В доме звенело праздничное оживление, огни точно сами перебегали из комнаты в комнату, мелькали в зеркалах — рама одного из зеркал была обгорелой после пожара, — мелькали на лестнице, в кладовых. Отдавалось сразу по нескольку распоряжений, и сразу по нескольку человек кидалось их выполнять. Оживление было не только по поводу новогоднего торжества, а главное — приезд барина, которому хотелось услужить, и услужить из-за любви к нему. Он приехал в вотчину. И сам Мишель находился под этим впечатлением, как будто бы не было университетского пансиона, юнкерской школы, а было не прерывающееся ничем и никем детство в кленовых парках, в яблоневых садах, в лугах, поросших летом плакун-травой, в пронзительных зорях и в тихих домашних закатах. И как будто бы стояли на замерзшем пруду форты и бастионы из снега, на которых он впервые ощутил себя героем Бородина, впервые сжал в руке саблю, пусть и детскую. Сейчас сабля лежала в кресле, офицерская.

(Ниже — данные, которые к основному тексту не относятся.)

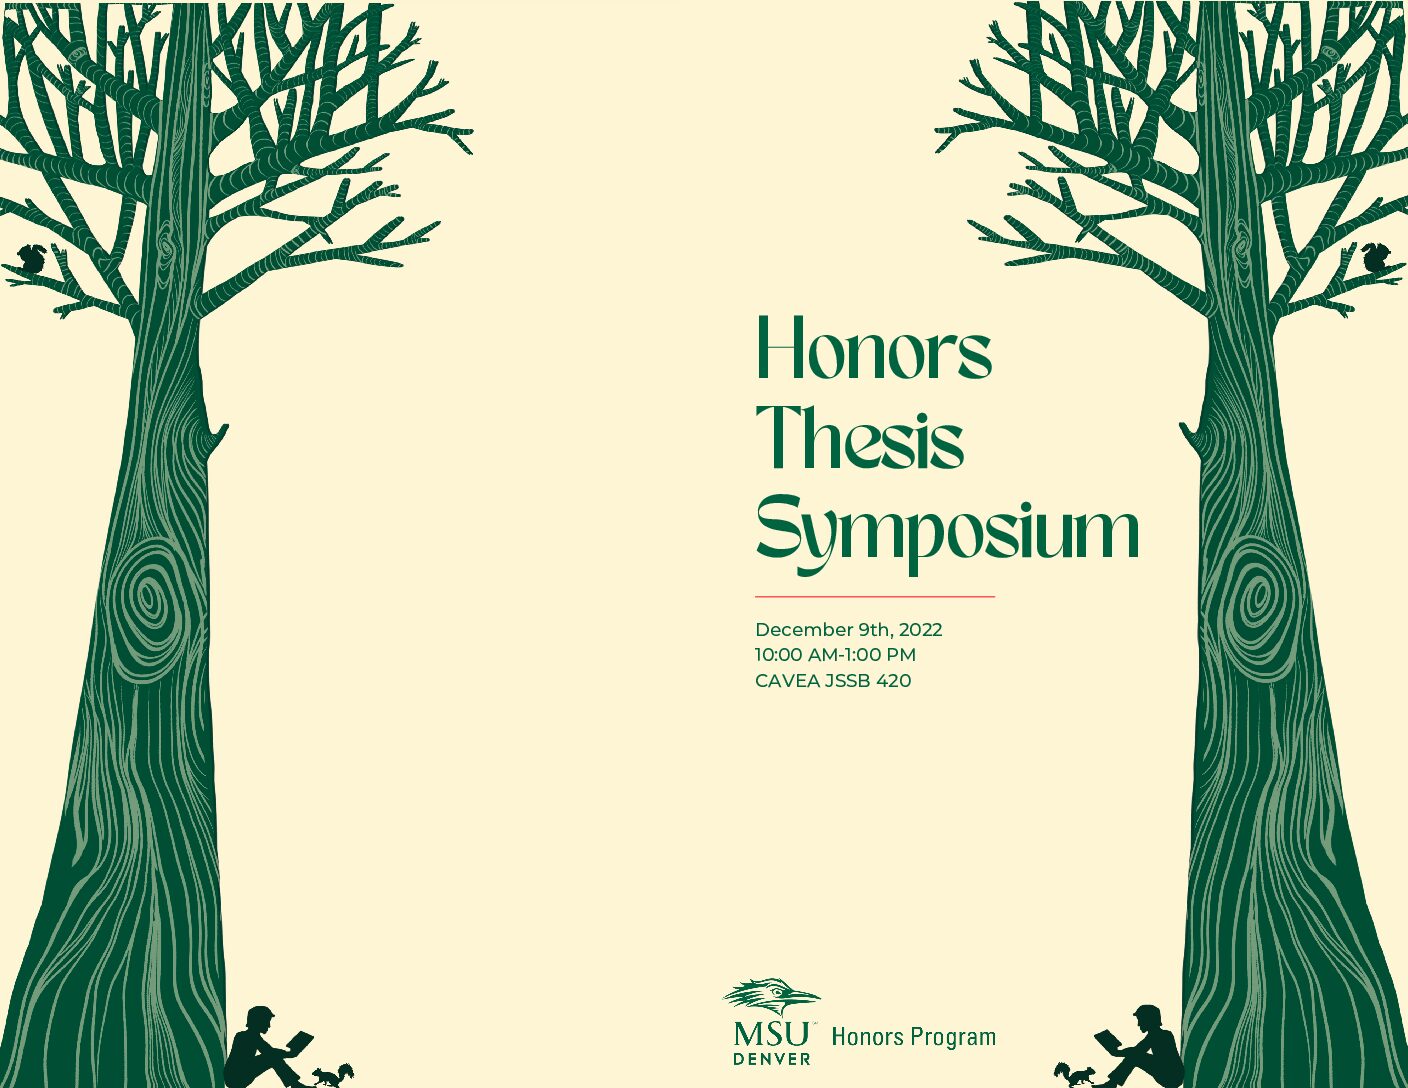 NEW Honors Thesis Symposium Program
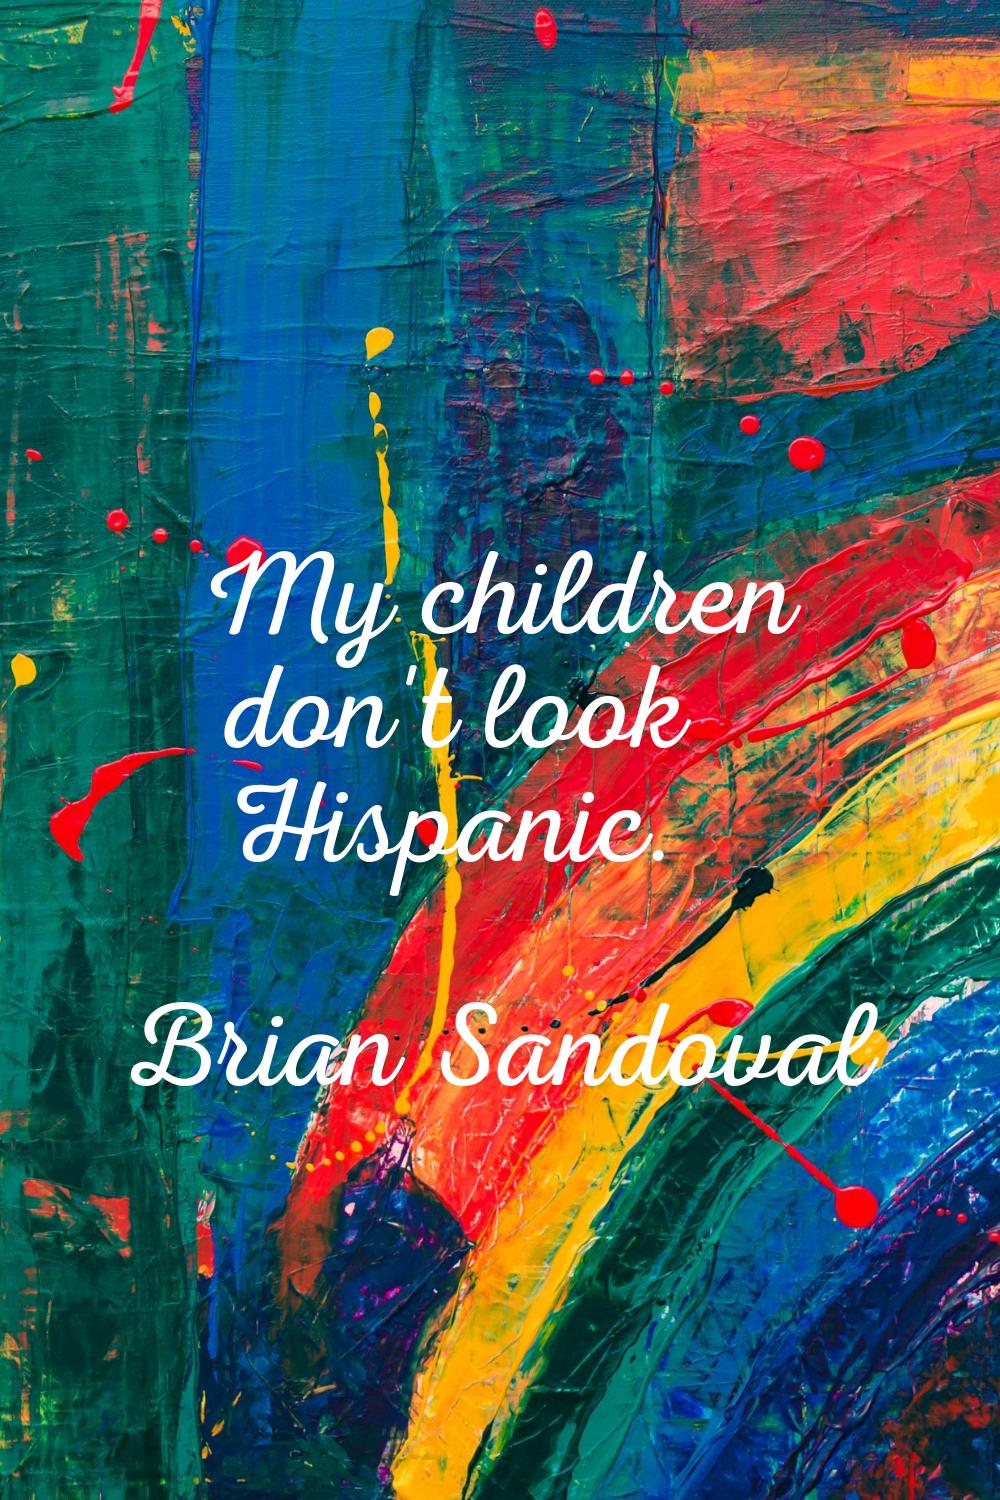 My children don't look Hispanic.

«О Бородинском бое Лермонтов впервые услышал в доме бабушки. Брат Арсеньевой — Афанасий Алексеевич Столыпин, блестящий офицер, живописал обстоятельства славной баталии, участником которой был. Он рассказывал о том незабываемом дне, о геройских действиях артиллерии, о редуте Раевского. Миша знал и о подвиге Дохтурова. Сменив на поле боя раненого Багратиона, этот генерал обратился к солдатам со словами: «За нами Москва! Умирать всем, но ни шагу назад…» Дохтуров тоже приходился Лермонтову родичем».
…А предновогодний тарханский дом все звенел, наполнялся счастьем, нужными и ненужными свечами и распоряжениями, суетой. И центром всего этого был приехавший на побывку гусар. И от его счастья зависело счастье наступающего 1836 года.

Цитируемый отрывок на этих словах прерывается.